Developers need to ensure that cross service communication is secure. They also need to implement distributed tracing to tell how long each call takes. Some best practices of distributed services such as retries, circuit breakers, etc. bring flexibility to services. Microservices are usually multilingual and use different libraries and SDKs. It is very complex, expensive and time-consuming to write general reusable software to manage intra service communication across different protocols such as HTTP, grpc and graphql.
After the microservice based application is deployed, the operation and maintenance after going online will be performed by Devops team. They need to monitor service health, latency, logging, events and tracking. Devops team is also expected to implement policy based routing to configure Blue / Green deployment, Canary version and rolling upgrade. Finally, metrics, events, logs and alerts from multiple microservices need to be aggregated and integrated with existing observability and monitoring technology stacks.
Service grid is a new phenomenon in the cloud native and micro service world. It tries to solve these problems for developers and operators. After the container choreography, if there is a technology that attracts the attention of developers and operators, it is definitely the service grid. Cloud native advocates recommend using service grid when running microservices in a production environment.
Service grid enables developers to manage intra service communication without building language specific SDKs and tools. For operators, service grid can provide ready to use traffic strategy, observability and insight from stack.
The best thing about service grid is that it’s a kind of “zero intrusion” software, and it doesn’t force code or configuration changes. By using sidecar mode, service grid injects agents into each service to act as agents for host services. Because the proxy intercepts every inbound and outbound call, it gets unparalleled visibility in the call stack. Each agent associated with the service sends telemetry collected from the call stack to a centralized component, which also acts as a control plane. When the operator configures the traffic policy, it will be submitted to the control plane, which pushes the policy to the agent to affect the traffic. Software Reliability Engineers (SRES) use the observability of service grids to gain insight into applications.

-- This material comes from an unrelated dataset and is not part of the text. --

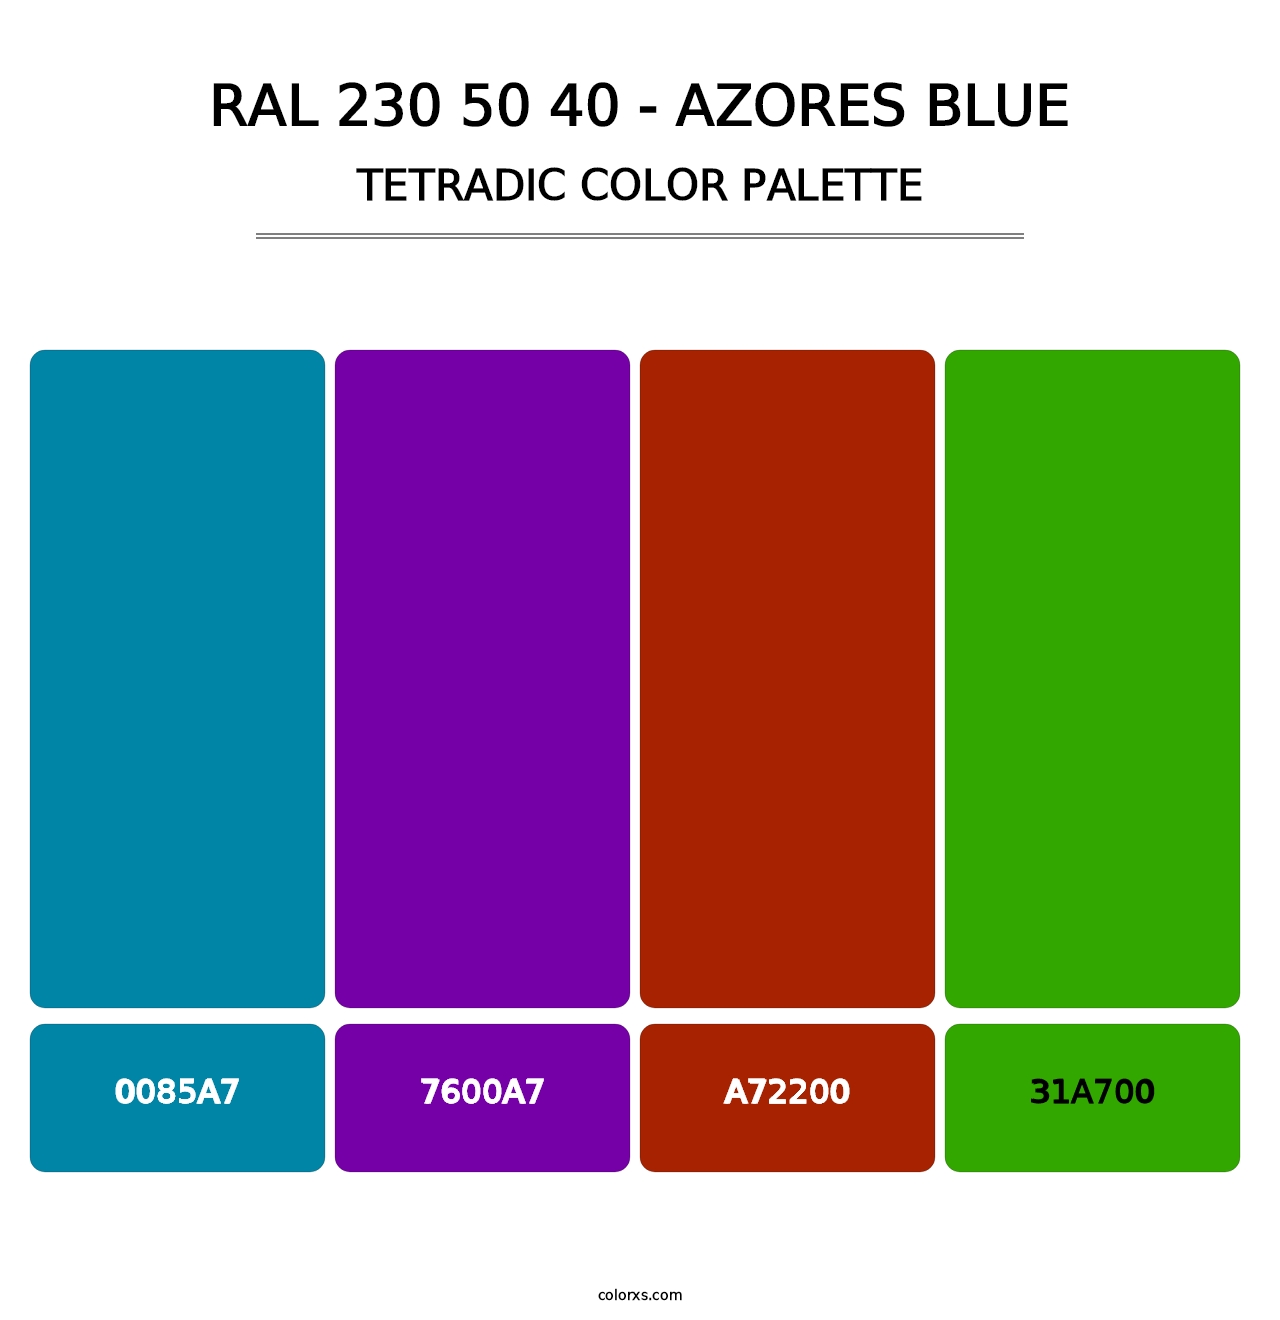 RAL 230 50 40 - Azores Blue - Tetradic Color Palette

The service grid is integrated with the existing API gateway or kubernetes entry controller. When the API gateway and portal handle the north-south traffic, the service grid is responsible for the east-west traffic.
In a word, service grid is the infrastructure layer to realize secure service to service communication. It relies on lightweight network agents deployed with each microservice. Centralized control plane coordinates agents to manage traffic policies, security, and observability.

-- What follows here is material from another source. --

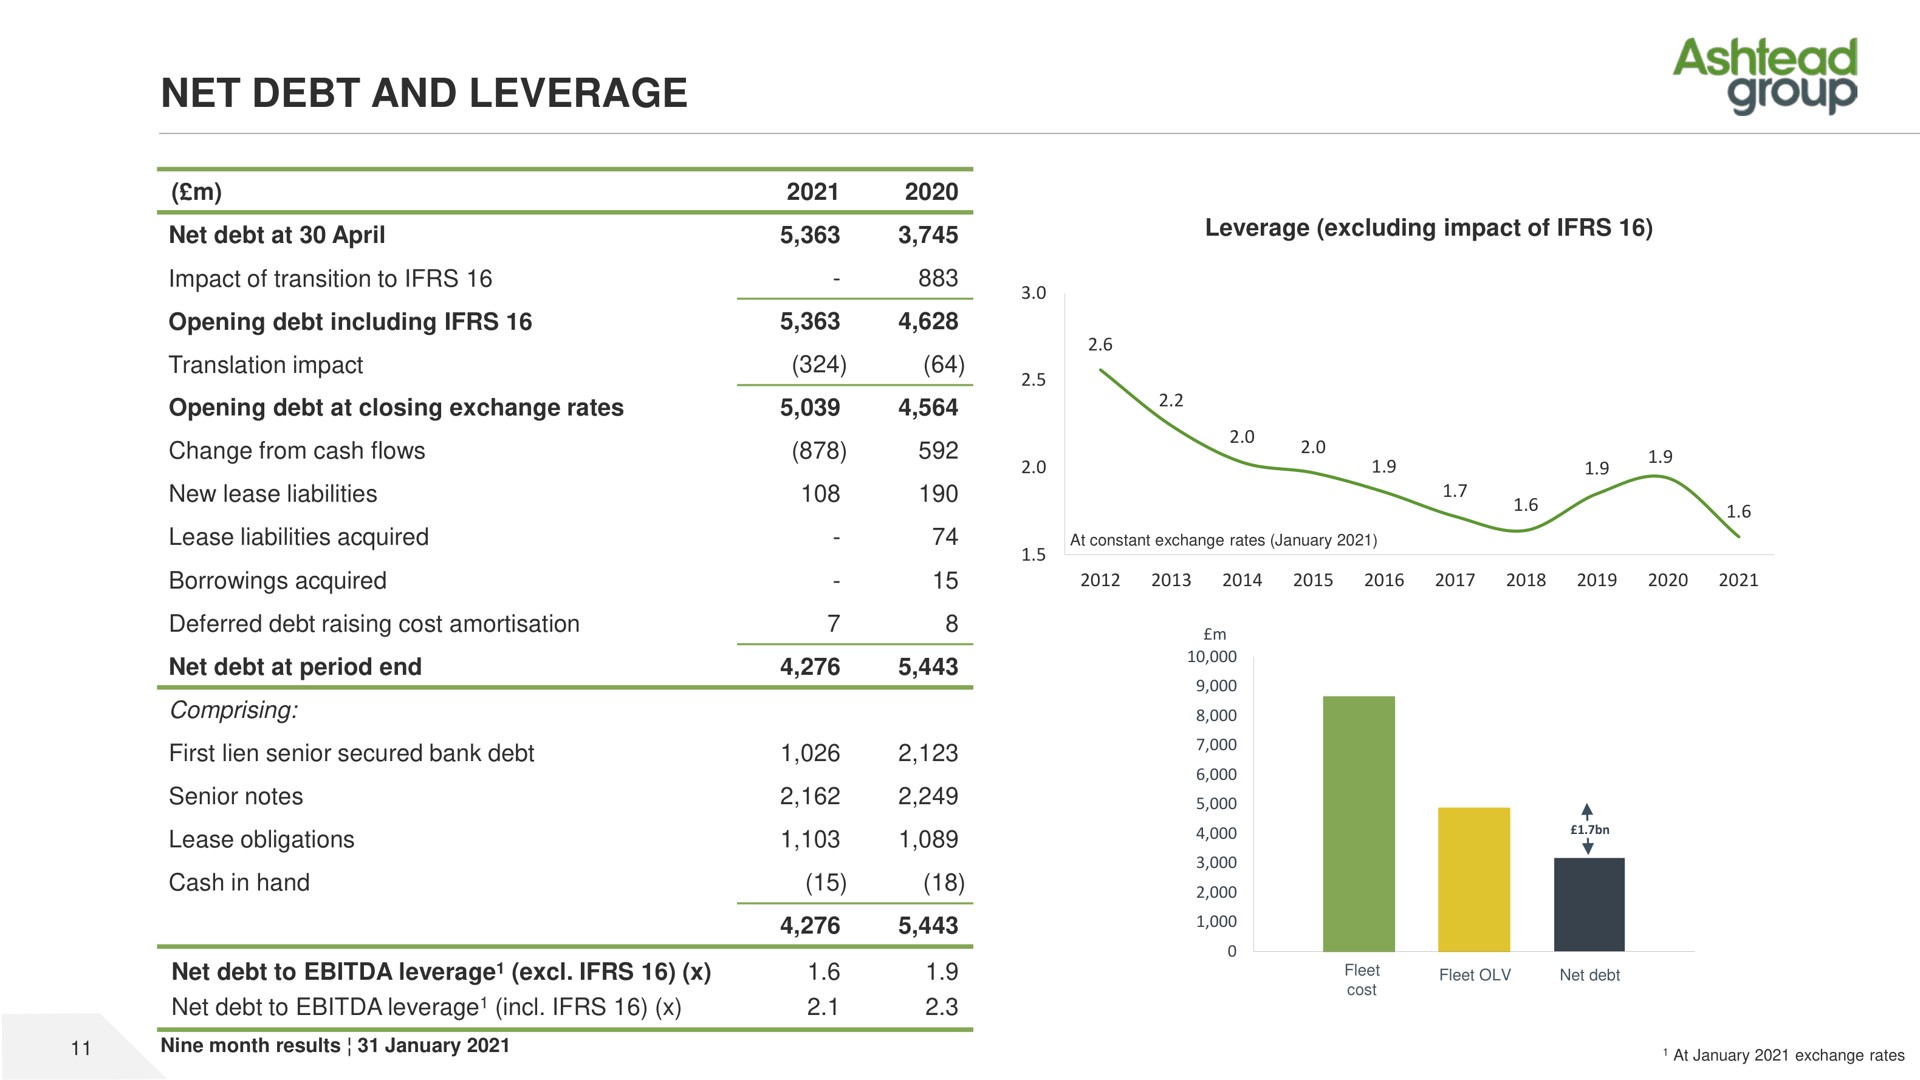 net debt and leverage group | Ashtead Group

Even if the service grid is mainly used with micro services packaged as containers, it can integrate with VMS and even physical servers. By effectively utilizing the traffic policy of service grid, applications running across multiple environments can be seamlessly integrated. This factor makes service grid one of the key drivers of hybrid cloud and multi cloud.
There are many service grids for enterprises to choose from. This paper attempts to help compare and contrast some mainstream service grid platforms available in cloud native ecosystem.
AWS App Mesh
AWS app mesh was launched on AWS re: invest 2018 to bring the advantages of service grid to Amazon Web Services’ computing and container services. You can easily configure it with Amazon EC2, Amazon ECs, AWS fargate, Amazon eks and even AWS outputs.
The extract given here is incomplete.